__Task to complete__:
Among the lines of the listing below, retype exactly those from the one containing "Life Fitness PSLE" through the one containing "Kenneth Cole Reaction", both included. Do not include pictures.
** Opening Data extract block **
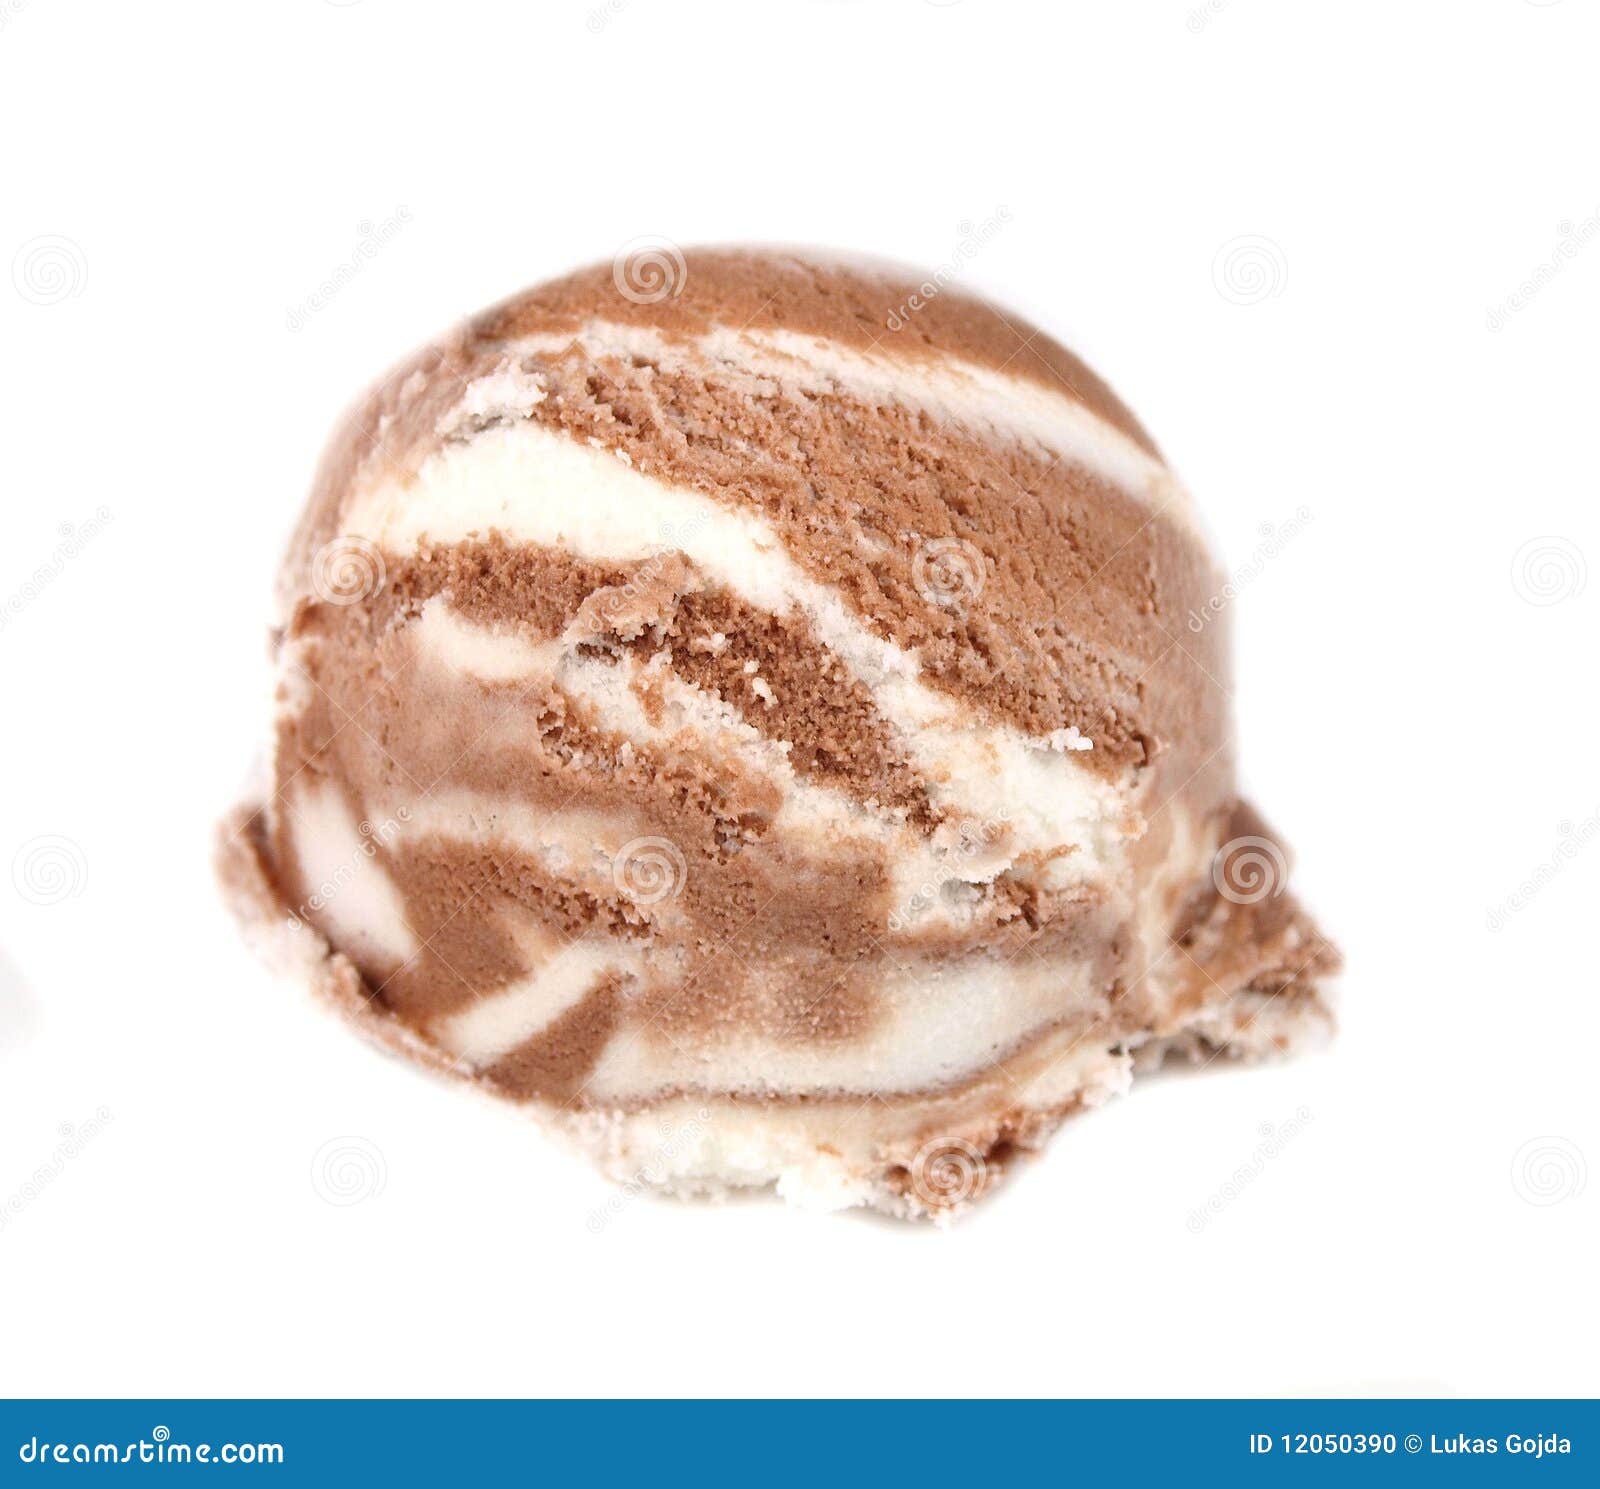 112+ Thousand Chocolate Ice Cream Scoop Royalty-Free Images, Stock
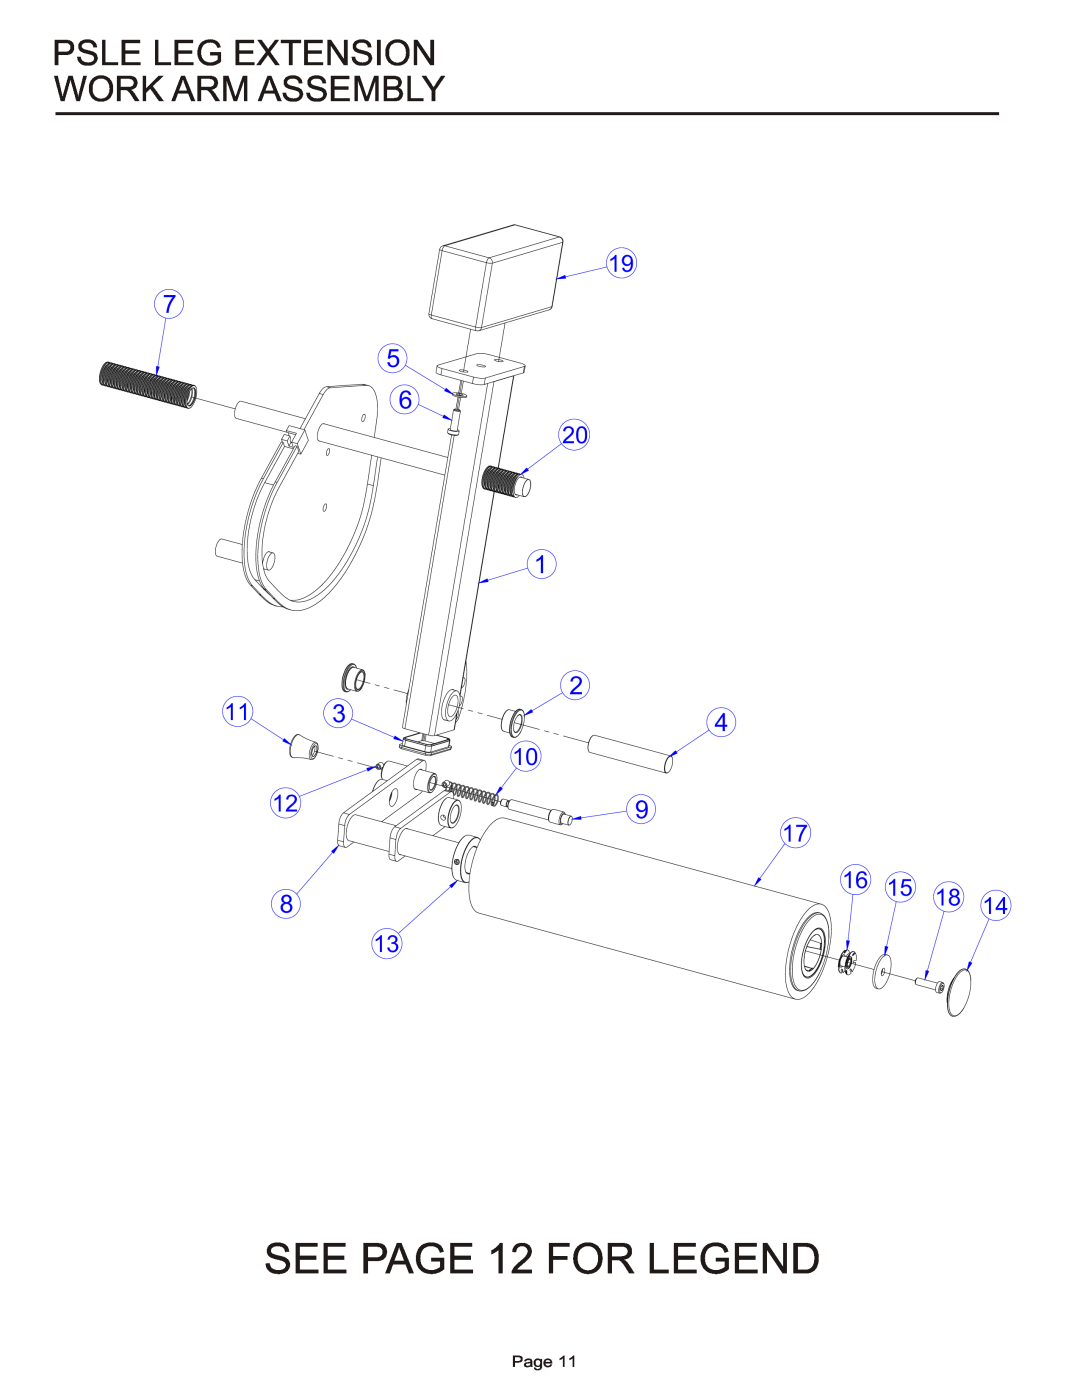 Life Fitness PSLE manual SEE PAGE 12 FOR LEGEND, Psle Leg Extension Work Arm Assembly, Page 
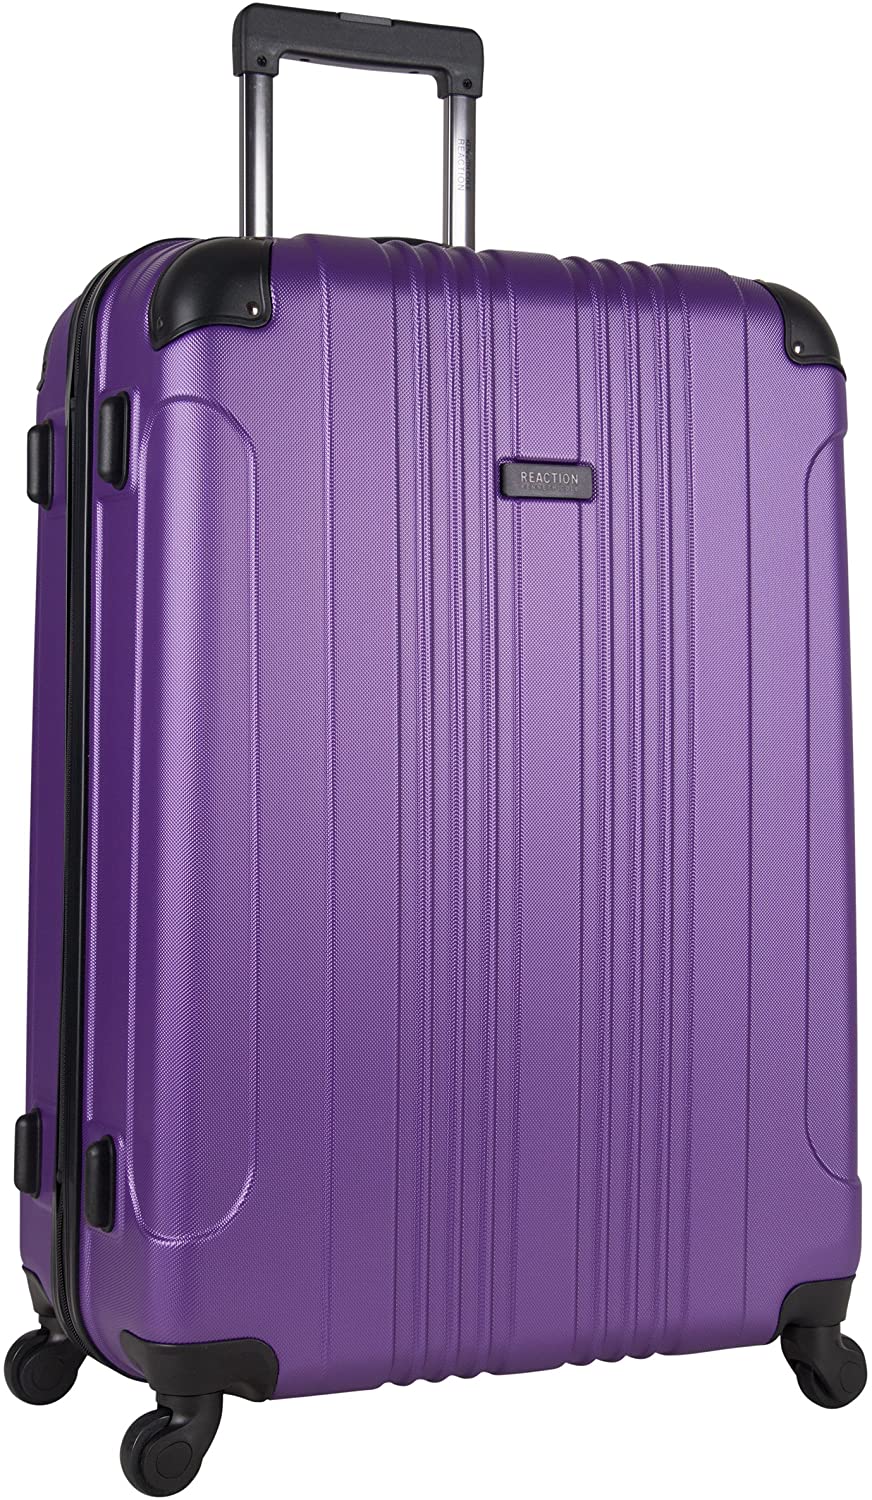 Kenneth Cole Reaction Out Of Bounds Lightweight Suitcase With Wheels, 28-Inch
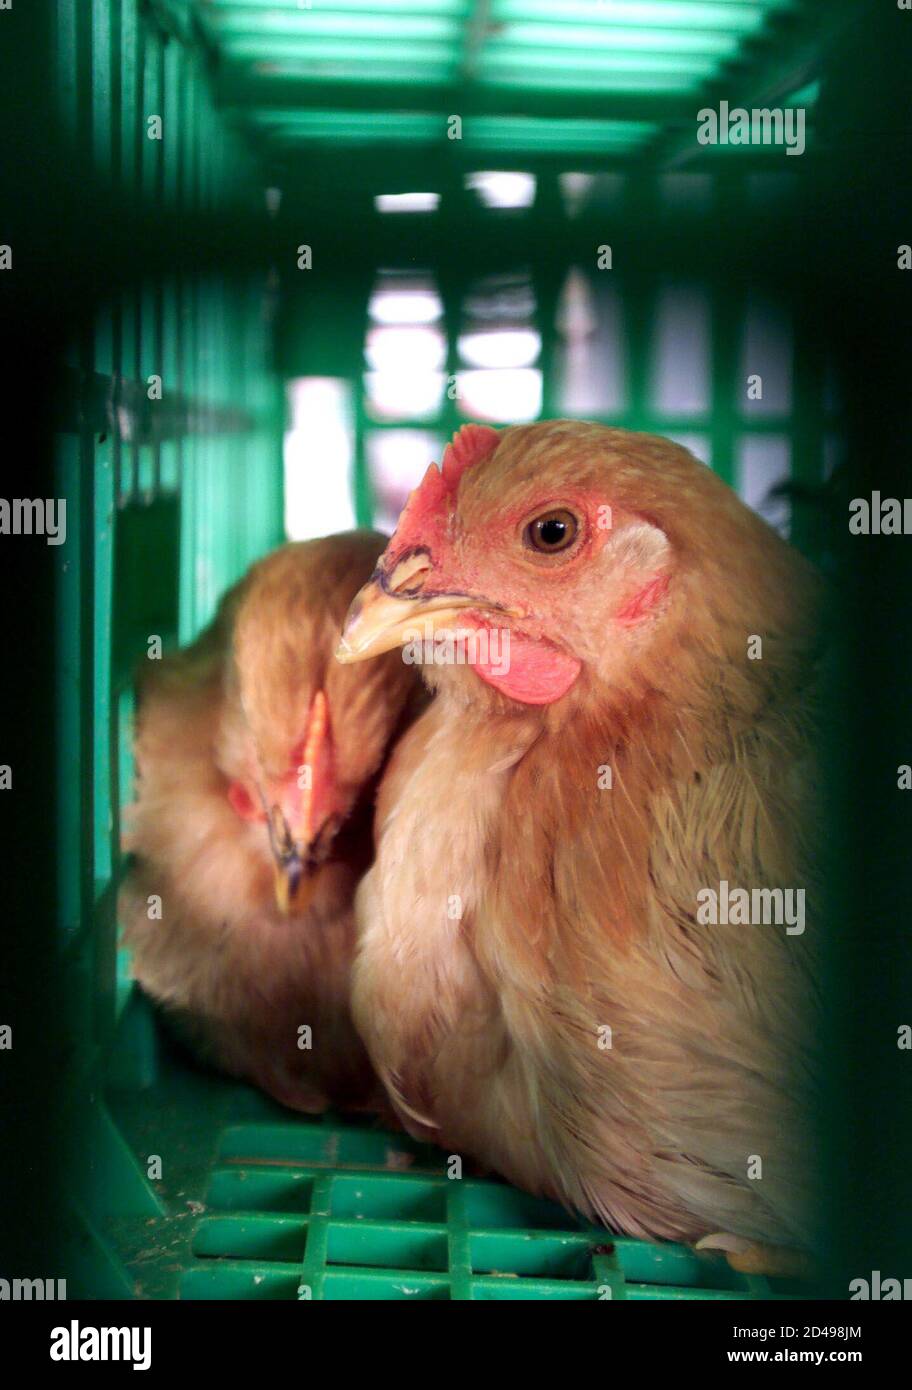 Chickens sit in a cage prior to being slaughtered in Hong Kong May 19, 2001. Hong Kong continues to kill all of its 1.2 million live poultry on Saturday to halt the spread of as avian bird flu. The government effort was designed to stop the strain from mixing with other viruses which may harm humans. The poultry trade is expected to receive compensation totalling HK$80 million (US$10.26 million) from the government as a result of the ongoing effort to slaughter all poultry in Hong Kong. Stock Photo
** Closing Data extract block **
__Expected output__:
 Life Fitness PSLE manual SEE PAGE 12 FOR LEGEND, Psle Leg Extension Work Arm Assembly, Page 
 Kenneth Cole Reaction Out Of Bounds Lightweight Suitcase With Wheels, 28-Inch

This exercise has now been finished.